# Wer kauf sich alles pes 2010?



## oupho (6. August 2009)

Ich kaufe mir auf alle fälle PES 2010. Mich würde interessieren wer PES 2010 und wer Fifa 2010 kauft, und vor allem wieso.


----------



## quantenslipstream (6. August 2009)

Pest kenne ich, aber was ist Pes? 
Ein wenig deutlicher musst du schon werden.


----------



## Equilibrium (6. August 2009)

@quanti

pes = PRO Evolution Soccer 


steh nicht so auf diese Games


----------



## ghostadmin (6. August 2009)

Nein kauf ich mir nicht.


----------



## ATIFan22 (6. August 2009)

Vllt. ,wenn es so git wird wie die alten Teile dann ja....


----------



## Railroadfighter (6. August 2009)

Ich kauf es mir sicher nicht, die Grafik ist hier echt mittelmäßig, und ich stehe sowieso nicht wirklich auf Sportsimulationen.

grüße, Railroads


----------



## _-=Dante=-_ (6. August 2009)

Ein sehr gutes Spiel und wenn es wieder besser ist als Fifa dann werde ich es mir holen...
Ich bin auf den Zweikampf gespannt

greetz


----------



## Player007 (6. August 2009)

Ich werde es mir, wenn der Test kein Schuss in den Ofen wird, 100%tig zulegen 

Gruß


----------



## NuTSkuL (6. August 2009)

ist das immernoch nicht ausgestorben?
bin ich zu konservativ oder geht man zum fußballspielen nciht eigentlich raus?


----------



## ATIFan22 (6. August 2009)

Ih mach beides ...


----------



## eVoX (6. August 2009)

Bin mit PES 09 noch gut dabei.


----------



## fresh_dumbledore (6. August 2009)

Wieso sollte man sich das kaufen?Ist sowieso jedes Jahr dasselbe mit klitzekleinen Änderungen und einer anderen Jahreszahl,und dafür soll ich Geld bezahlen?


----------



## ATIFan22 (6. August 2009)

Naja, bei Fifa vllt.. bei Pes gibts aber durchaus größere Änderungen ab und an....


----------



## GTXForce (6. August 2009)

PES 2010 werde ich mir aufgrund mangelnder Lizenzen nicht hohlen, aber FIFA 10 für meine Xbox 360 wenn der Manager Modus so gut wir wie EA ihn ankündigt wird es ein pflichtkauf denn ich muss mit Chelsea ja alle anderen platt machen und auf dem tranfermarkt mal mit anderen Vereinen um Spieler bieten nicht wie jetzt das man bei passendem Finanzen sich alles kaufen kann was man haben möchte .(rechtschreibung war noch nie eine stärke von mir)


----------



## Player007 (6. August 2009)

GTXForce schrieb:


> PES 2010 werde ich mir aufgrund mangelnder Lizenzen nicht hohlen, aber FIFA 10 für meine Xbox 360 wenn der Manager Modus so gut wir wie EA ihn ankündigt wird es ein pflichtkauf denn ich muss mit Chelsea ja alle anderen platt machen und auf dem tranfermarkt mal mit anderen Vereinen um Spieler bieten nicht wie jetzt das man bei passendem Finanzen sich alles kaufen kann was man haben möchte .(rechtschreibung war noch nie eine stärke von mir)

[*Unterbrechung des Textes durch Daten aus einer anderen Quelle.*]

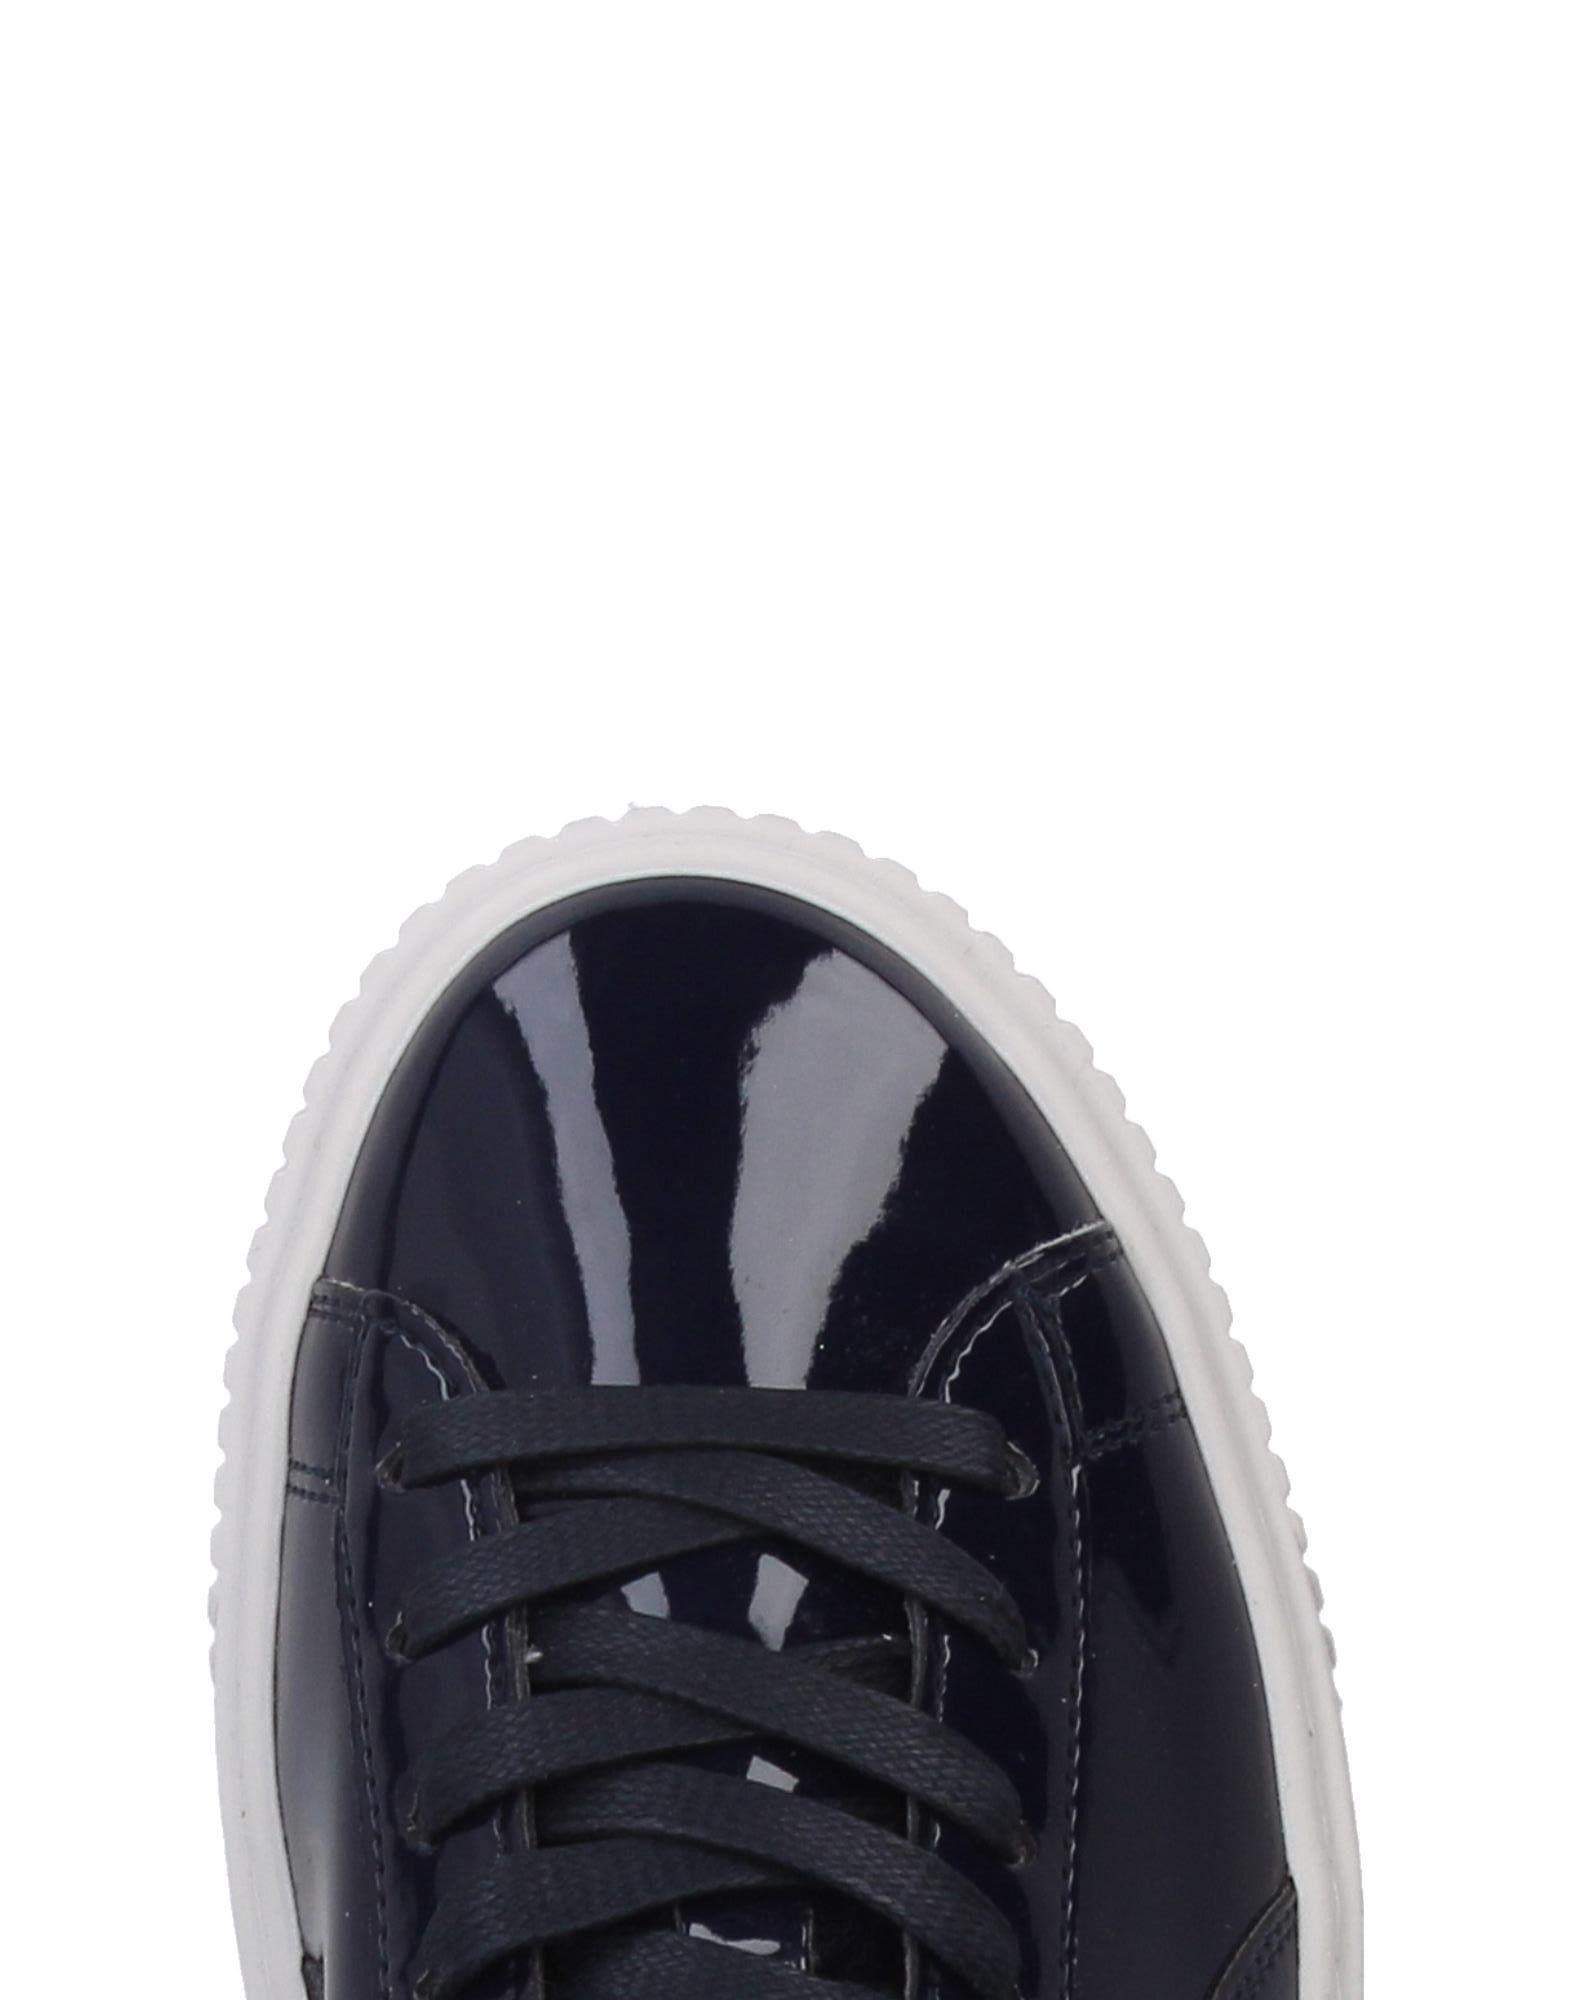 Puma Sneakers Damen Damen Sneakers Gutes Preis-Leistungs-Verhältnis, es lohnt sich 2e5157

Es gibt für PES 2009, sehr gute Community Patches, mit der Bundesliga und und und (habe ich selber drauf). Das wird es bei PES 2010 sicher auch wieder geben 

Gruß


----------



## eVoX (6. August 2009)

Welchen Patch hast du, gib mal Link pls.


----------



## Player007 (6. August 2009)

Hier den habe ich: VISION-PATCH 2009 DELUXE-EDITION - Version 2.51 UPDATE +++ SUPPORT-THREAD +++ - PES DOWNTOWN - Die Pro Evolution Soccer Foren

Die werden wahrscheinlich auch den Patch für 2010 machen 

Gruß


----------



## eVoX (6. August 2009)

Cool, werd ich mal morgen ausprobieren, thx.


----------



## Aschenkalle (23. August 2009)

Ne ich Kaufe mir lieber FIFA10


----------



## Tom3004 (23. August 2009)

ATIFan22 schrieb:


> Naja, bei Fifa vllt.. bei Pes gibts aber durchaus größere Änderungen ab und an....

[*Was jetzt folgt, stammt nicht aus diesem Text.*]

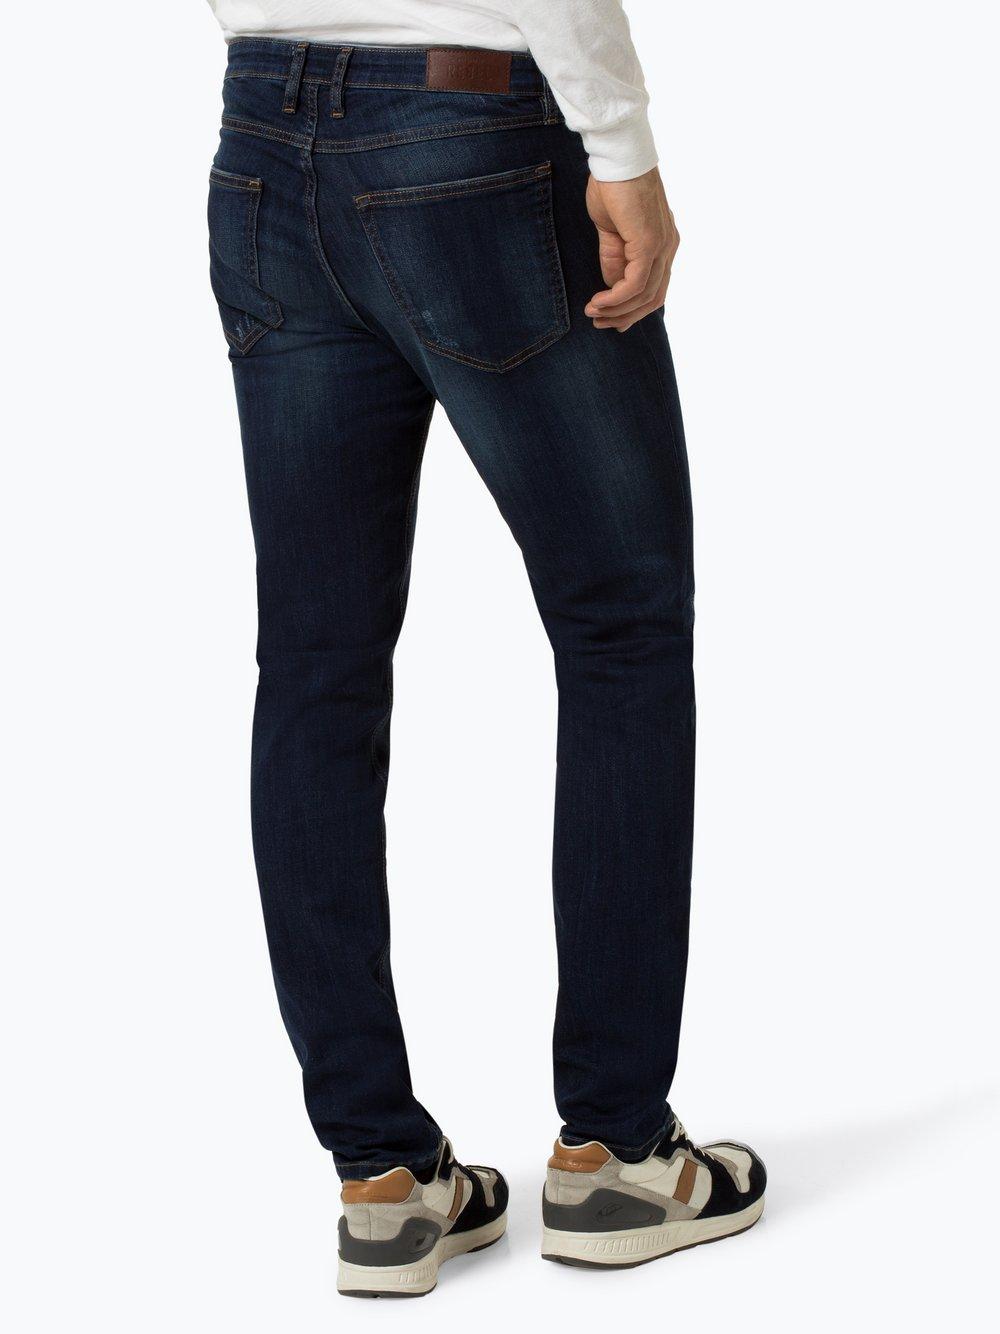 Redefined Rebel Herren Jeans Milano Destroy online kaufen

Die Betonung leigt auf "ab und an"


----------



## oupho (23. August 2009)

Was haltet ihr von diesen komischen Spielkarten, bei PES 2010, die man auf einzelne Spieler anwenden kann?


----------



## Bibblson (28. August 2009)

Sind ja eigentlich sowas wie "Spezialfähigeiten" in pes 2009, nur mit dem Vorteil, dass man sie je nach Lust und Laune benutzen kann oder eben sein lässt. So kann man den Spieler eher anpassen, für was man ihn braucht. Ich hoffe mal, dass die Fähigkeiten dann auch Sinn machen, bisher hab ich ja nur gesehen, dass es sie gibt, zb Messi, dass er den Ball nimmt und versucht an ein paar Gegenspielern vorbei zu kommen und dann zu schießen. 

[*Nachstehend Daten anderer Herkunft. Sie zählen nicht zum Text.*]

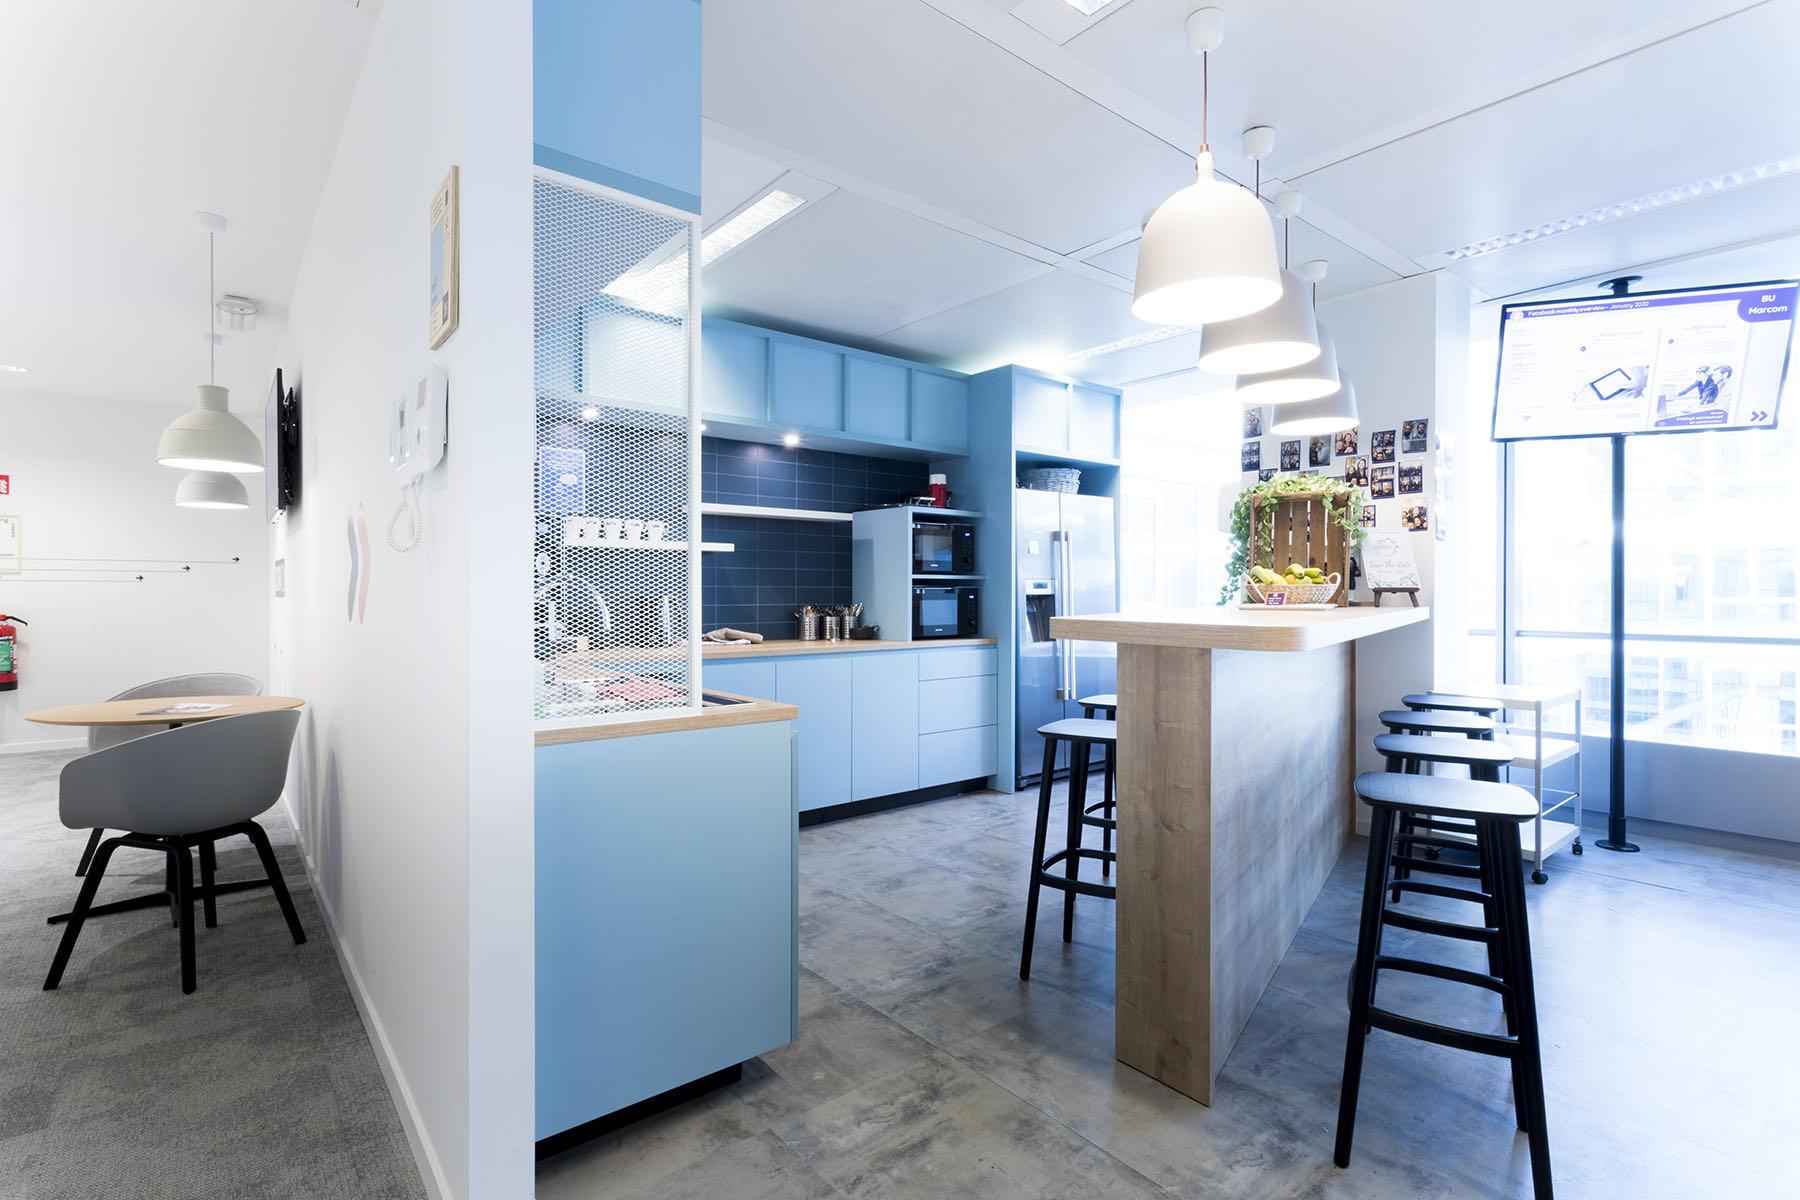 cefora-brussels-office-6

Also zu Frage, ob ich PES oder FIFA kaufe, sag ich nur, ich besitze nur einen Computer^^


----------



## iceman650 (5. September 2009)

ich denke wenn, dann fifa, da ich keinen vollpreis für eine hand voll vereinen bezahle.


----------



## Bibblson (5. September 2009)

naja, fürn pc gibts genügend mods für pes 2010, auch von der Grafik her wird pes am PC am besten aussehen, da man noch AA/AF einstellen kann. Die Spielekonsolen können einfach mit der Grafikleistung moderner Grakas nicht mehr mithalten. Bei Fifa ist die PC-Variante ja eine Verarschung.


----------